This command introduces a new tree structure that pulls in a collection
of sarif files. In yaml format, an example is
- creation_date: '2021-12-09' # Repository creation date
primary_language: javascript # By lines of code
project_name: treeio/treeio # Repo name-short name
query_commit_id: fa9571646c # Commit id for custom (non-library) queries
sarif_content: {} # The sarif content will be attached here
sarif_file_name: 2021-12-09/results.sarif # Path to sarif file
scan_start_date: '2021-12-09' # Beginning date/time of scan
scan_stop_date: '2021-12-10' # End date/time of scan
tool_name: codeql
tool_version: v1.27
- creation_date: '2022-02-25'
primary_language: javascript
...
At run time,
cd ~/local/sarif-cli/data/treeio
sarif-extract-multi multi-sarif-01.json test-multi-table
will load the specified sarif files and put them in place of
`sarif_content`, then build tables against the new signature found in
sarif_cli/signature_multi.py, and merge those into 6 larger tables. The
exported tables are
artifacts.csv path-problem.csv project.csv
codeflows.csv problem.csv related-locations.csv
and they have join keys for further operations.
The new typegraph is rendered in
notes/typegraph-multi.pdf
using the instructions in
sarif_cli/signature_multi.py
With --related-locations,
../../bin/sarif-results-summary -r results.sarif
produces the details
RESULT: static/js/tinymce/jscripts/tiny_mce/plugins/paste/editor_plugin_src.js:722:
72:722:73: Character ''' is repeated [here](1) in the same character class.
Character ''' is repeated [here](2) in the same character class.
Character ''' is repeated [here](3) in the same character class.

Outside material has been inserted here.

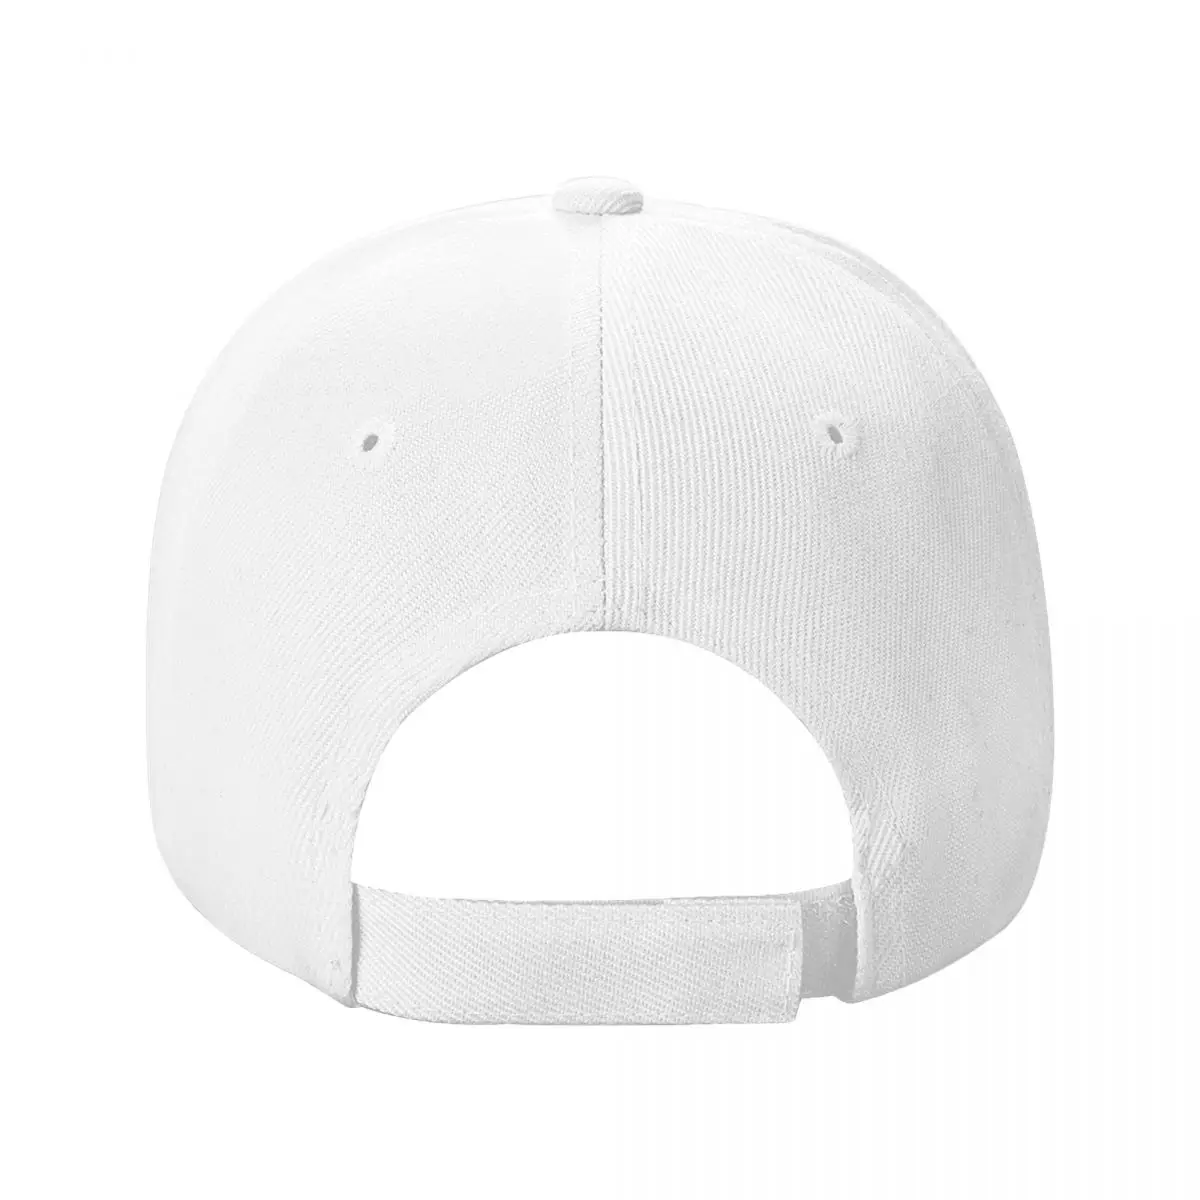 כובע בייסבול עבור גברים, נשים, כלי הלהקה וויסלר בציר שמש כובע הצמד חזרה כובע אלגנטי כובעים - 3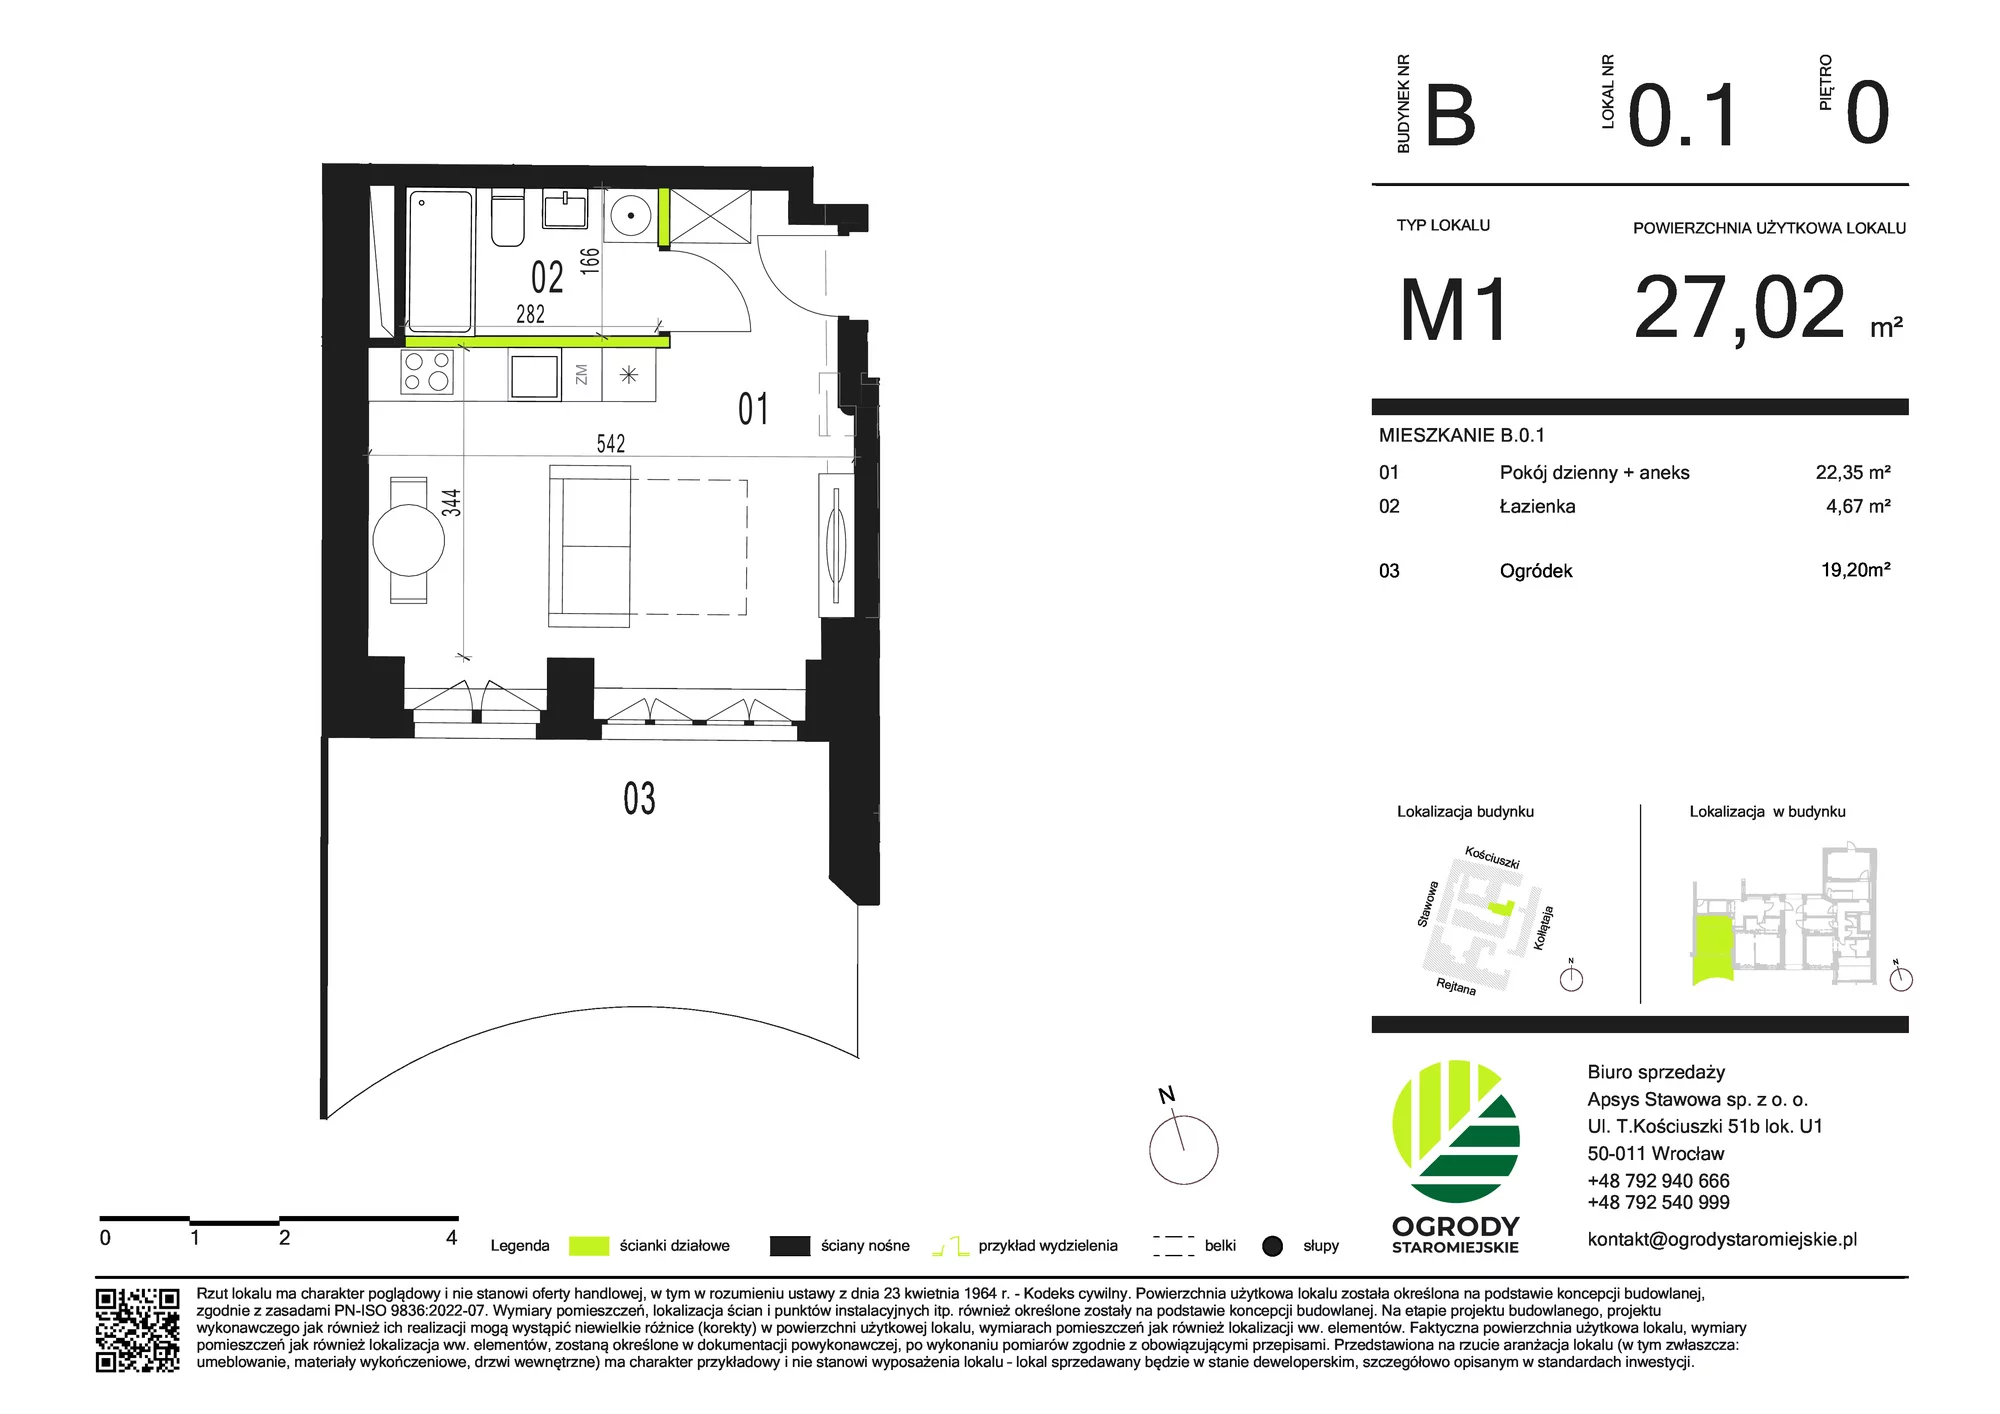 Mieszkanie 27,02 m², parter, oferta nr B.0.1, Ogrody Staromiejskie, Wrocław, Przedmieście Świdnickie, ul. Stawowa 10

REFERENCE: static/js/tinymce/jscripts/tiny_mce/plugins/paste/editor_plugin_src.js:722:74:722:75: here
REFERENCE: static/js/tinymce/jscripts/tiny_mce/plugins/paste/editor_plugin_src.js:722:76:722:77: here
REFERENCE: static/js/tinymce/jscripts/tiny_mce/plugins/paste/editor_plugin_src.js:722:78:722:79: here
Via
../../bin/sarif-extract-tables results.sarif tables
sarif-extract-tables now produces two output tables,
tables/
├── messages.csv
└── relatedLocations.csv
that contain the relevant information and can be joined or otherwise combined on
the struct_id_4055 key.
For example, adding to the end of sarif-extract-tables:
import IPython
IPython.embed()
msg = d2[d2.message.str.startswith("Character ''' is repeated [here]")]
dr3[dr3.struct_id_4055 == msg.struct_id_4055.values[0]]
In [24]: msg
Out[24]:
struct_id_4055 ... message
180 4796917312 ... Character ''' is repeated [here](1) in the sam...
[1 rows x 7 columns]
In [25]: dr3[dr3.struct_id_4055 == msg.struct_id_4055.values[0]]
Out[25]:
struct_id_4055 uri startLine startColumn endLine endColumn message
180 4796917312 static/js/tinymce/jscripts/tiny_mce/plugins/pa... 722 74 722 75 here
181 4796917312 static/js/tinymce/jscripts/tiny_mce/plugins/pa... 722 76 722 77 here
182 4796917312 static/js/tinymce/jscripts/tiny_mce/plugins/pa... 722 78 722 79 here
or manually from the shell:
# pick up the struct_id_4055:
0:$ grep "static.*Character ''' is repeated \[here\]" tables/messages.csv
180,4927448704,static/js/tinymce/jscripts/tiny_mce/plugins/paste/editor_plugin_src.js,722,72,722,73,"Character ''' is repeated [here](1) in the same character class.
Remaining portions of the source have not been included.